In the 1990s biregional relations took on a new verve, with European political and economic presence in LAC reaching new heights. There are three concomitant explanations for this. First, Spain and Portugal joined the EU in 1986 and, as former colonial powers, campaigned to include LAC in the EU external agenda. Second, in its quest for global player status in the 1990s and early 2000s, the EU adopted a rather active and dynamic position regarding LAC (Gardini 2012); however, then as now the continent was not a priority for the EU. Third, the ending of the Cold War opened up new spaces for actors other than the United States, and marked a coalescence of perceived interests—in political and economic terms—between the United States and Western Europe on the one hand and Latin America on the other. The US-sponsored political (democracy) and economic (open economies and free trade) model largely adopted by Western Europe then spread throughout Latin America. Economic openings and vast privatization attracted many European investments to Latin America. The process of democratic transition in the region during the 1980s and 1990s fuelled the relaunch of the LAC integration project, thus creating more commonalities and shared interests between the EU, which was eager to promote its own model overseas, and LAC.

The global financial crisis that shook the world in 2008 and the concomitant impetuous rise of the People’s Republic of China and other non- traditional powers have had a significant impact on the importance of Europe in Latin America. The European role has declined in relative terms over the past decade. Europe’s internal problems, such as the UK’s decision in a referendum to leave the EU (known as Brexit), migration, poor economic performance and institutional sclerosis have diminished the attractiveness of the European model in LAC. The rise of China has eroded the EU’s share of Latin America’s markets and tarnished its development model and cooperation activities. Since 2014 China has replaced the EU as LAC’s second most important trading partner (Pineo 2015), and China has actually become the leading export market for Brazil, Chile, Peru and Uruguay (OEC 2019). Chinese investments and cooperation are being marketed extremely well, not least for ideological reasons, and are now challenging European ones. The space available for the EU in the region is shrinking.

Yet a resurgence in the EU’s attention to Latin America has been palpable since 2016 (Mori 2018). The EU included Latin America in its 2016 Global Strategy, signalling a will to relaunch bicontinental relations. In 2016 the EU also signed the bilateral EU-Cuba Political Dialogue and Cooperation Agreement, which set out an agenda for engagement with Havana, still a key issue in regional politics.

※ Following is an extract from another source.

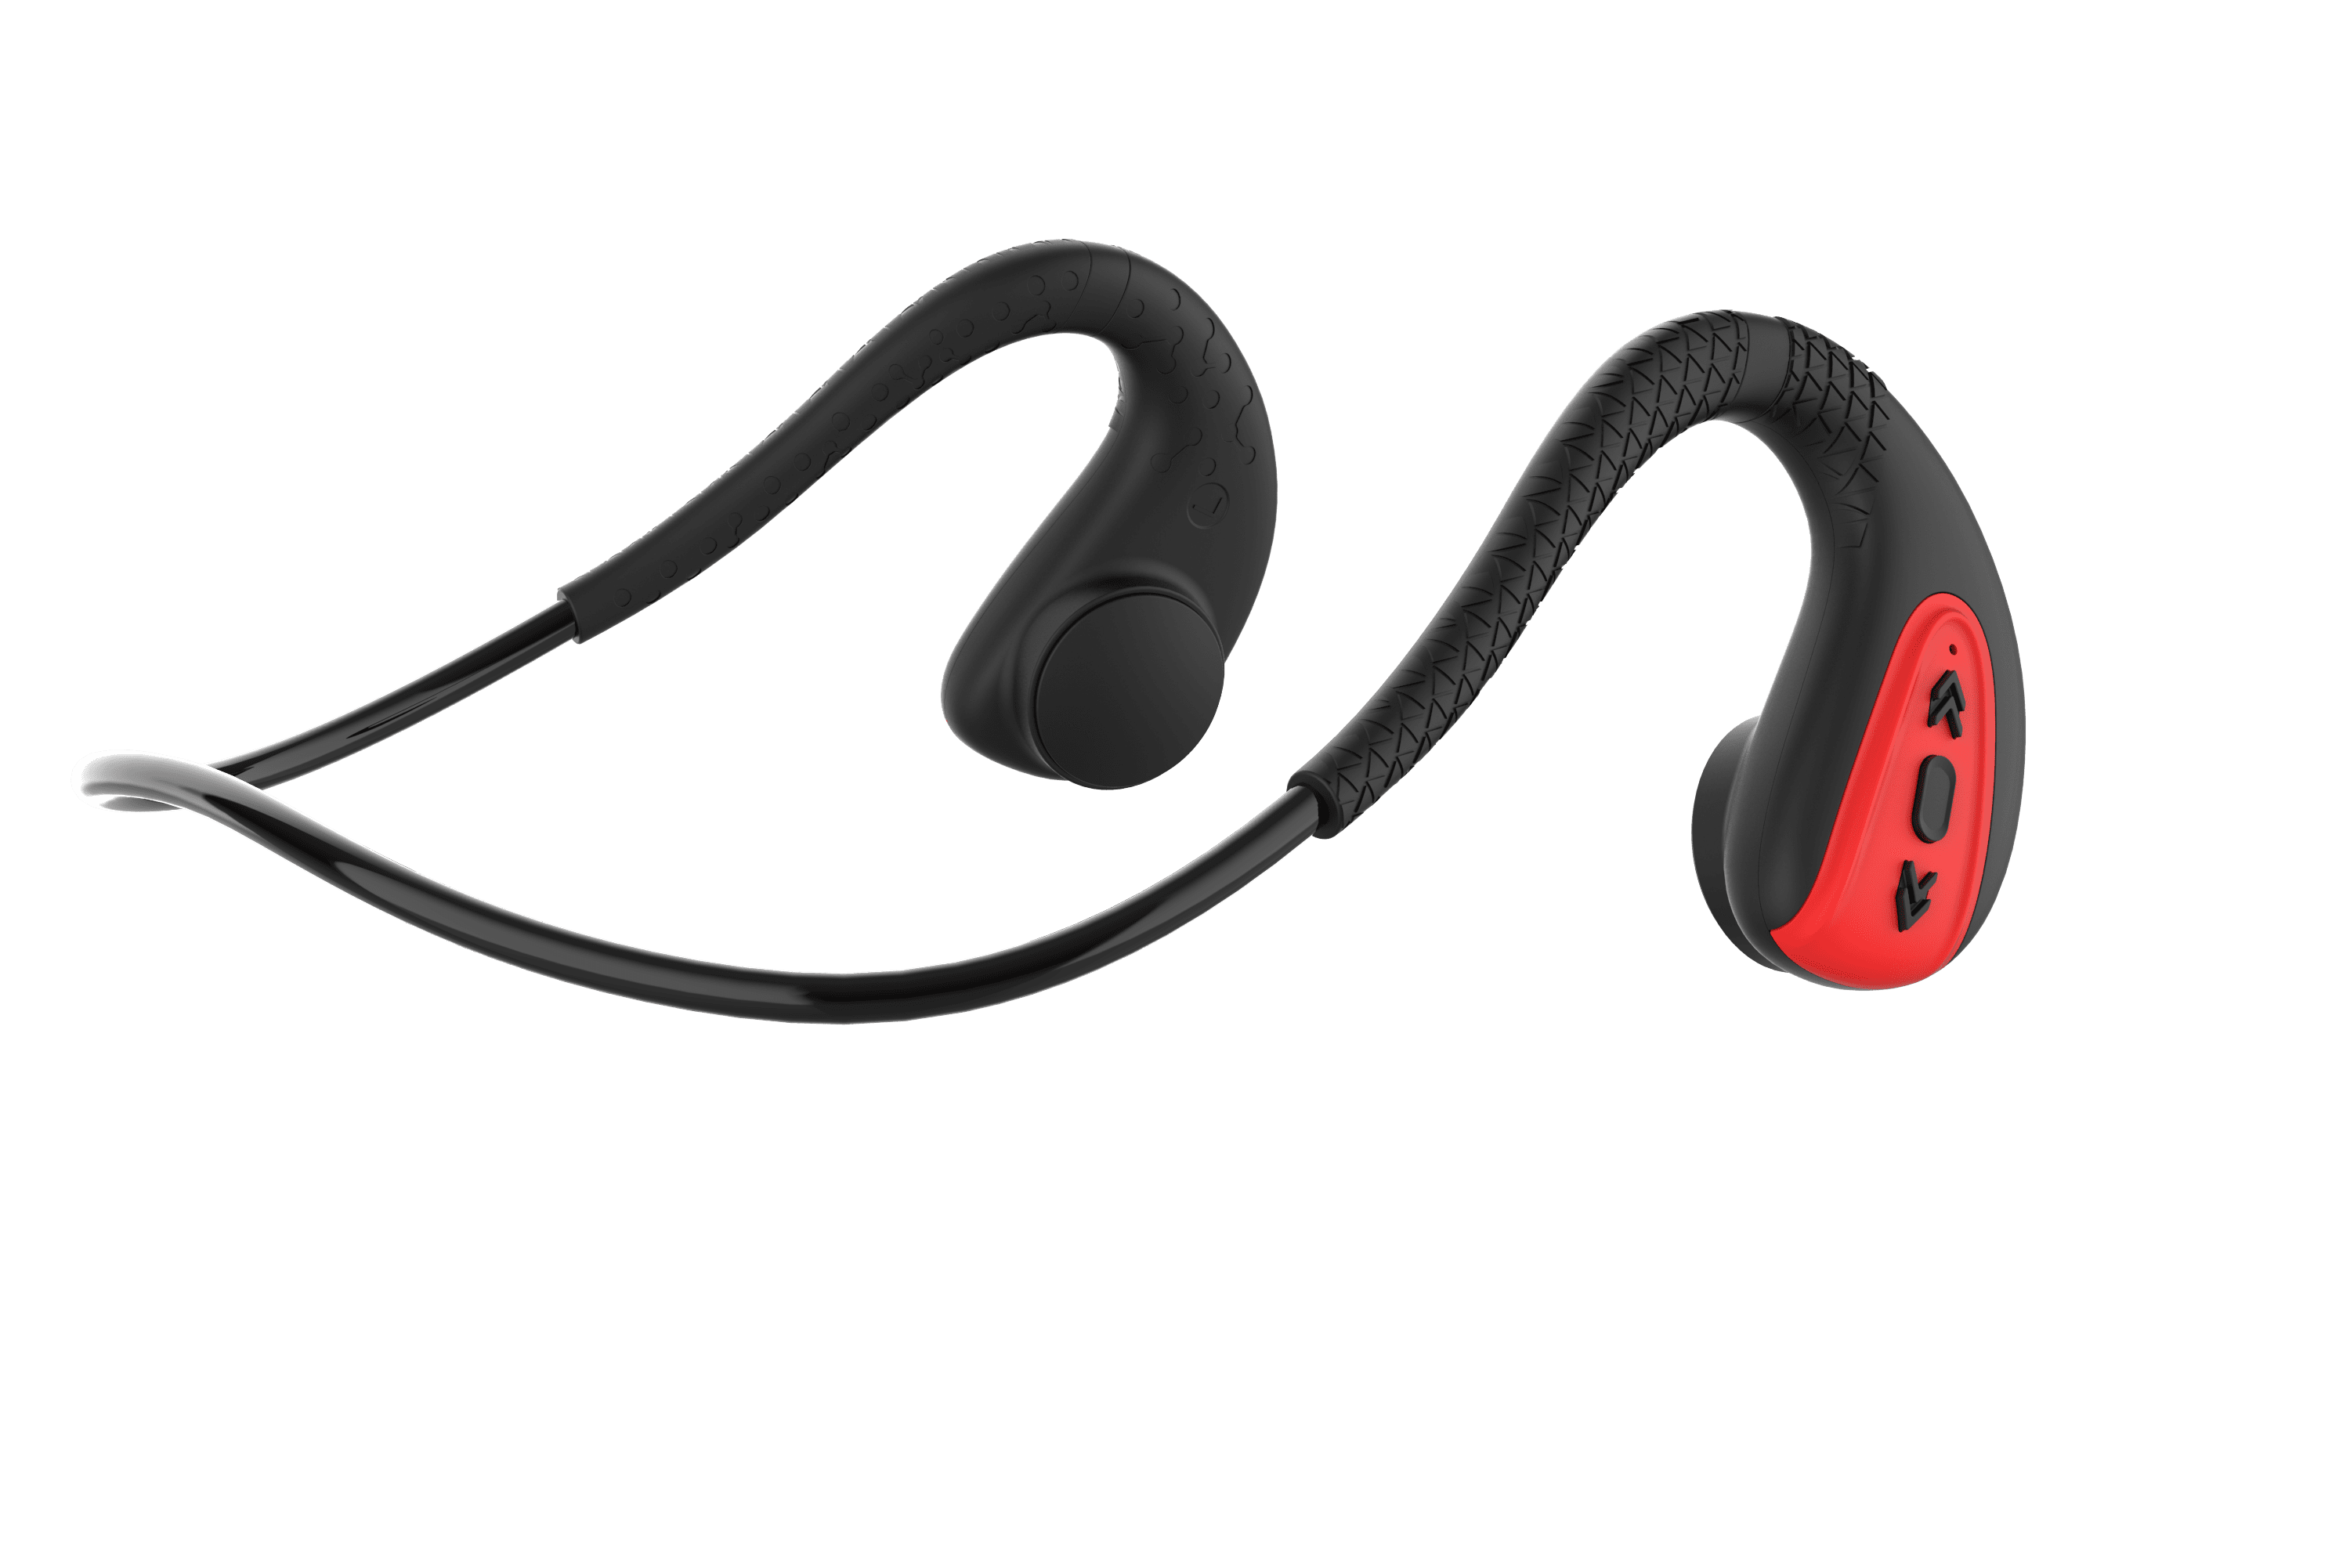 Cost-effective and Most worthwhile Xgody Q1 Neckband Water Proof Bone conduction headphones for 2020 - XGODY

The same year the EU adopted a firm position vis- a-vis the Maduro administration in Venezuela. Brussels urged Caracas to restore democratic legitimacy and the rule of law. In that year too Ecuador joined the free trade agreement that Colombia and Peru had concluded with the EU since 2013. This relaunched EU economic diplomacy in Latin America and weakened the intransigence of the radical Bolivarian camp. Most importantly, these actions demonstrated the EU’s re-engagement with the continent, which was reinforced in 2019 with even bolder moves (see "Present and future: could the EU stage a comeback in Latin America?’).